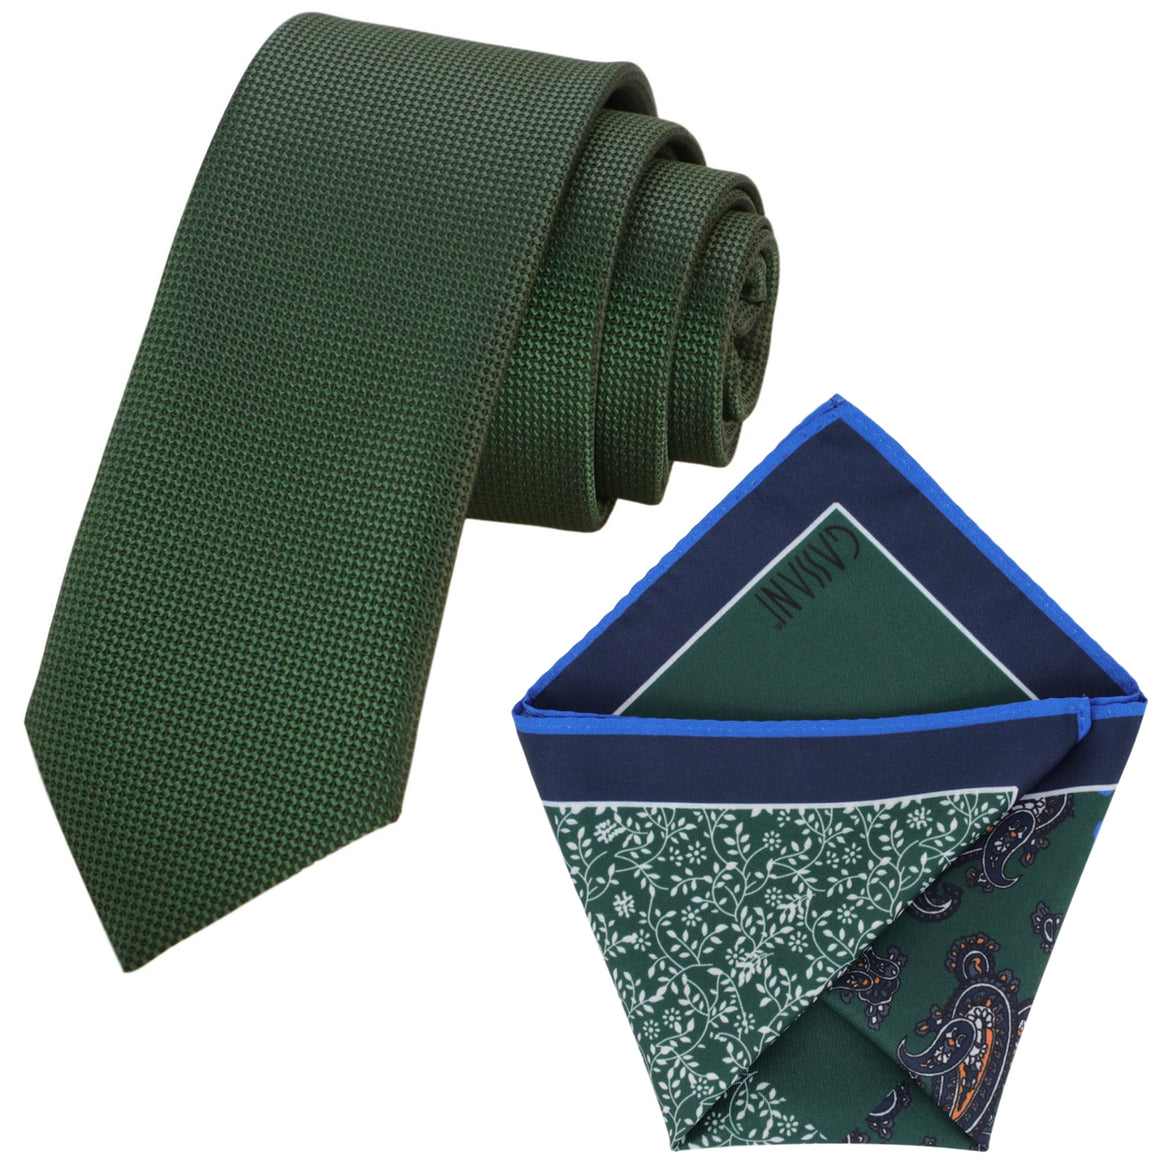 Set cravatta GASSANI, cravatta da uomo verde stretta larga 6 cm, fazzoletto colorato 4 disegni
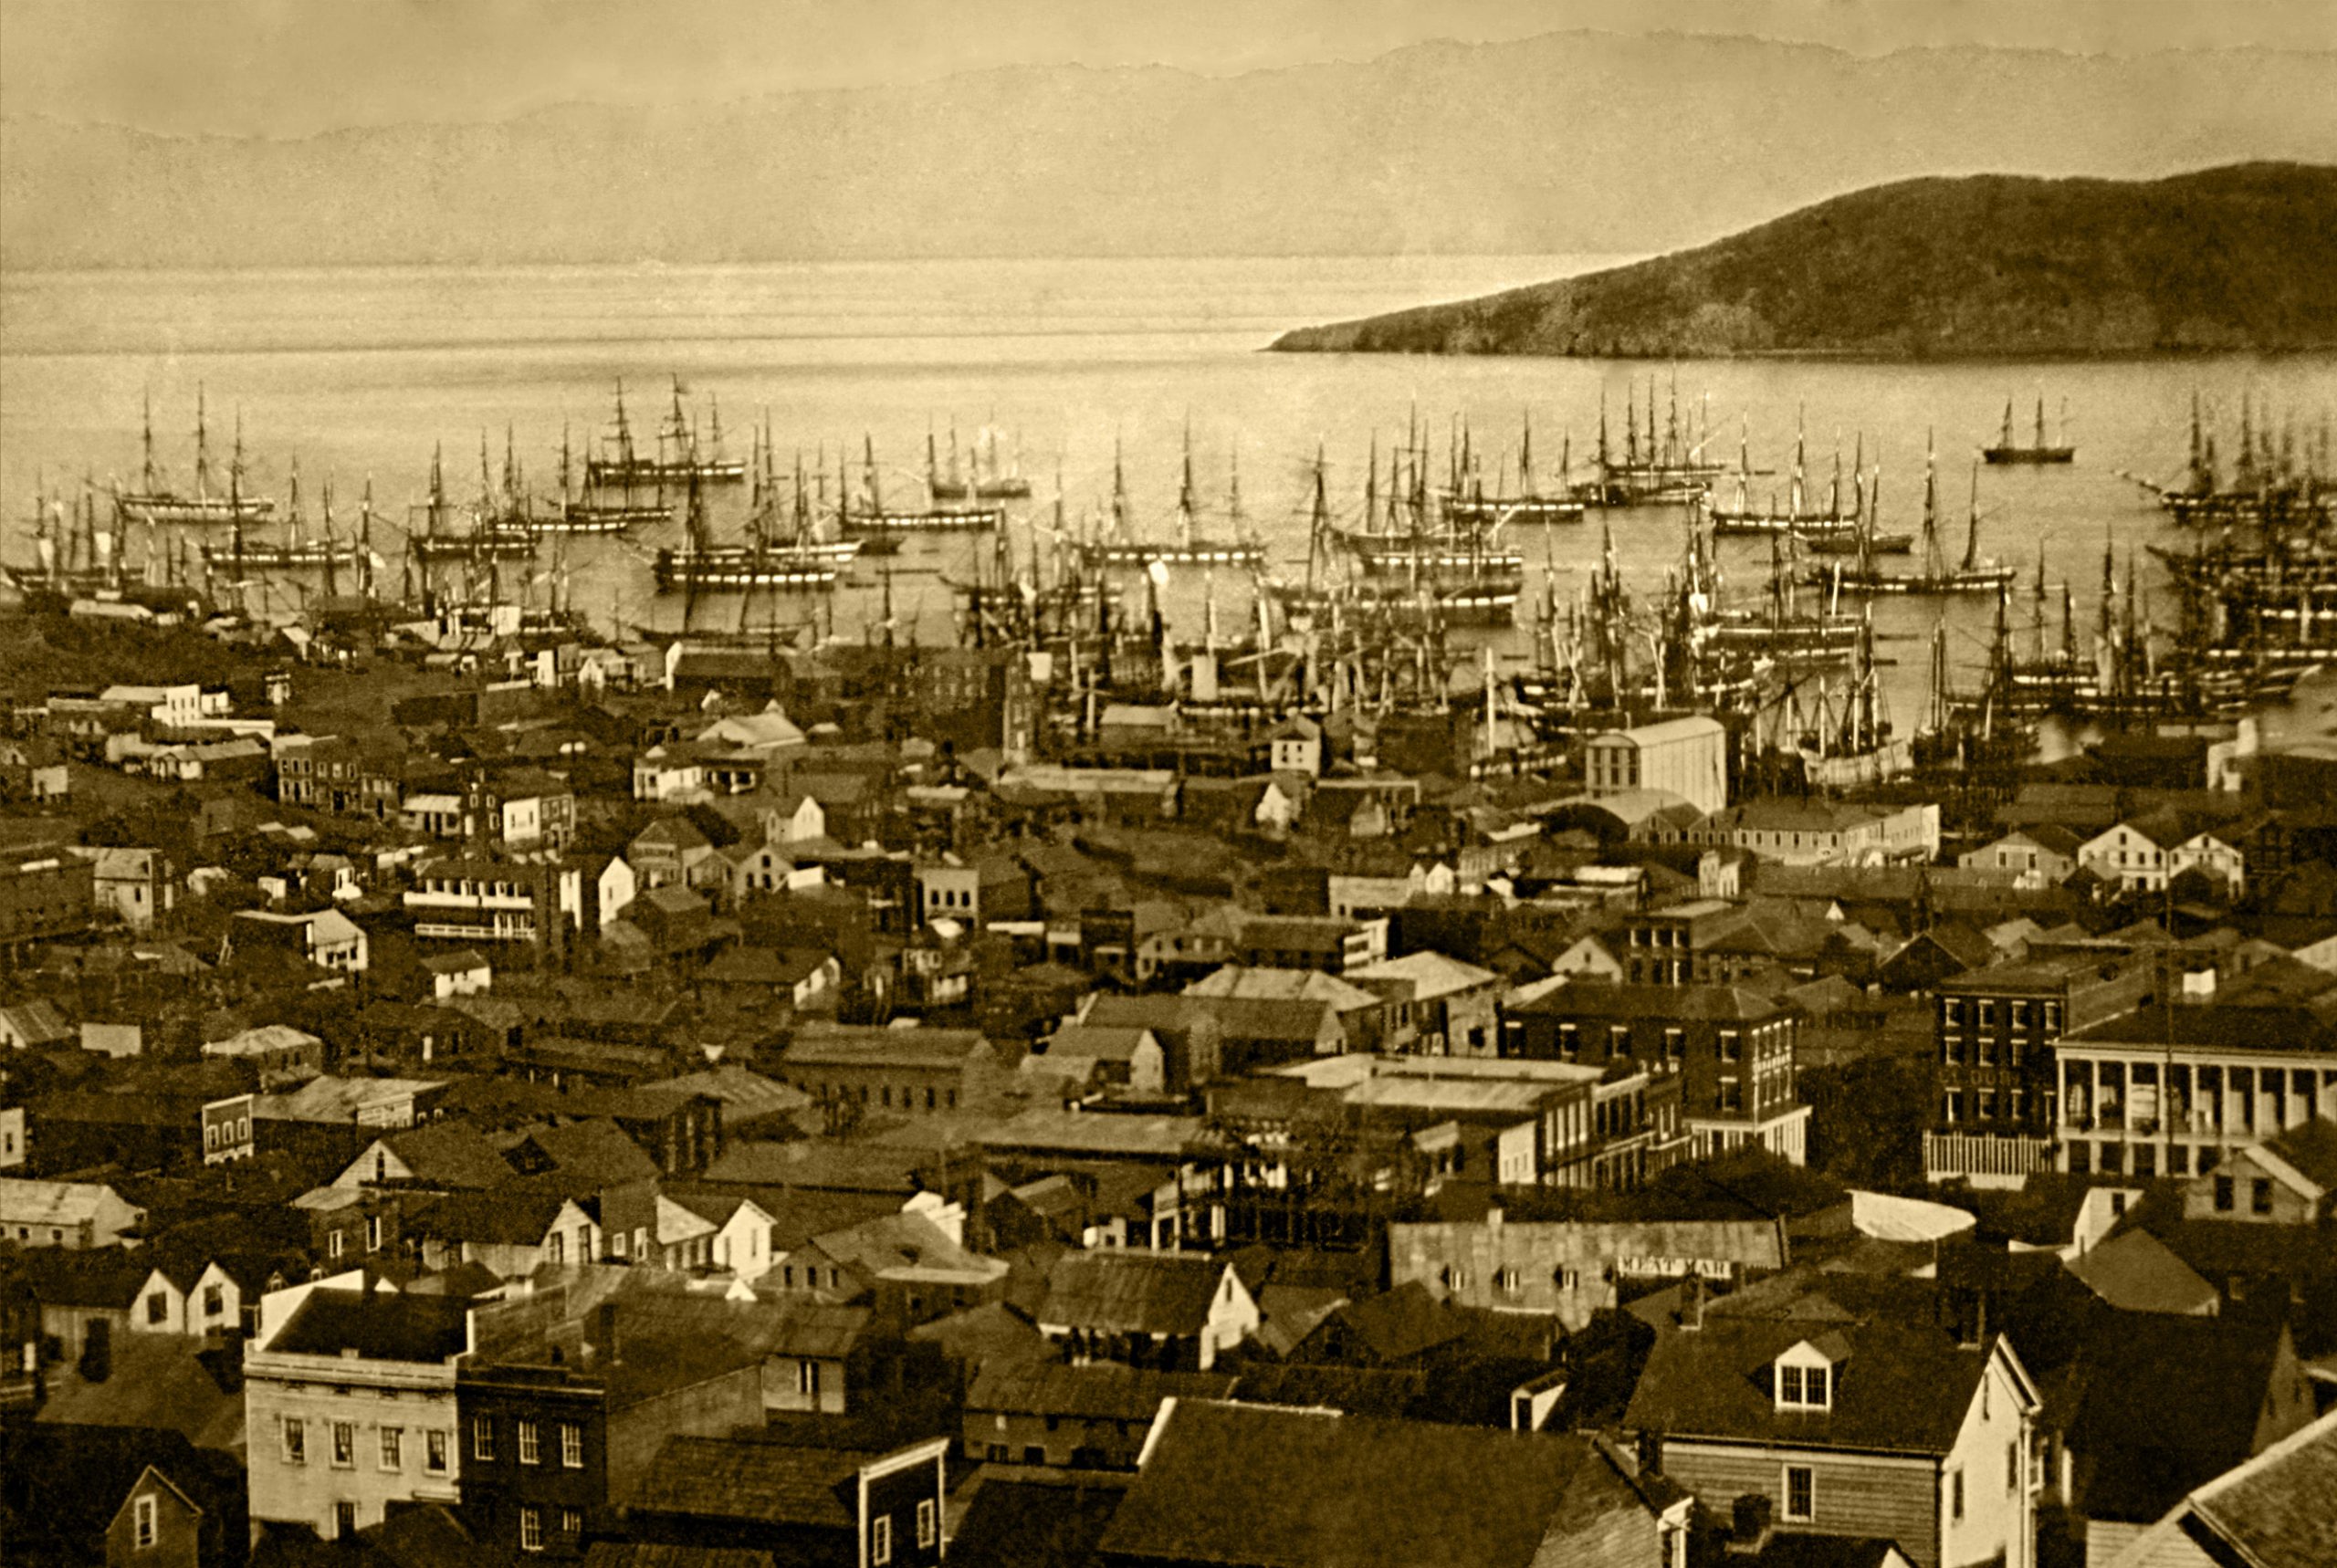 San Francisco in 1891
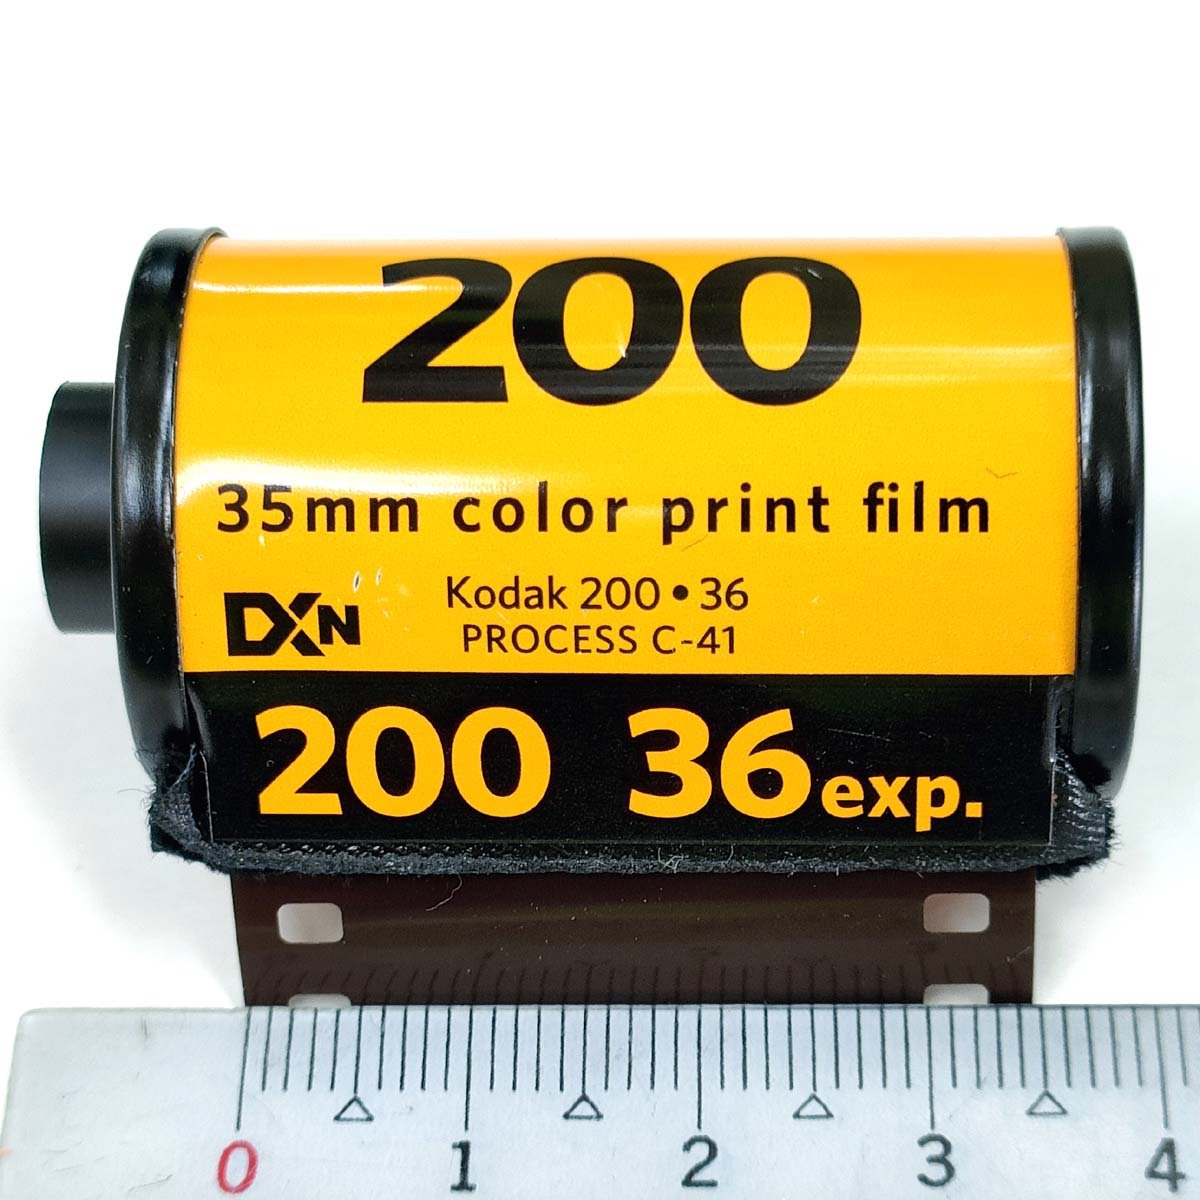 GOLD200-36 sheets .[10ps.@]Kodak color nega film ISO sensitivity 200 135/35mm[ prompt decision ]ko Duck CAT603-3997*0086806033992 new goods

» WHAT THE TASK REQUIRES
When you return the listing, keep each line exact and leave the pictures out.

» WORKED SOLUTION
 Set cravatta GASSANI, cravatta da uomo verde stretta larga 6 cm, fazzoletto colorato 4 disegni
 San Francisco in 1891
 GOLD200-36 sheets .[10ps.@]Kodak color nega film ISO sensitivity 200 135/35mm[ prompt decision ]ko Duck CAT603-3997*0086806033992 new goods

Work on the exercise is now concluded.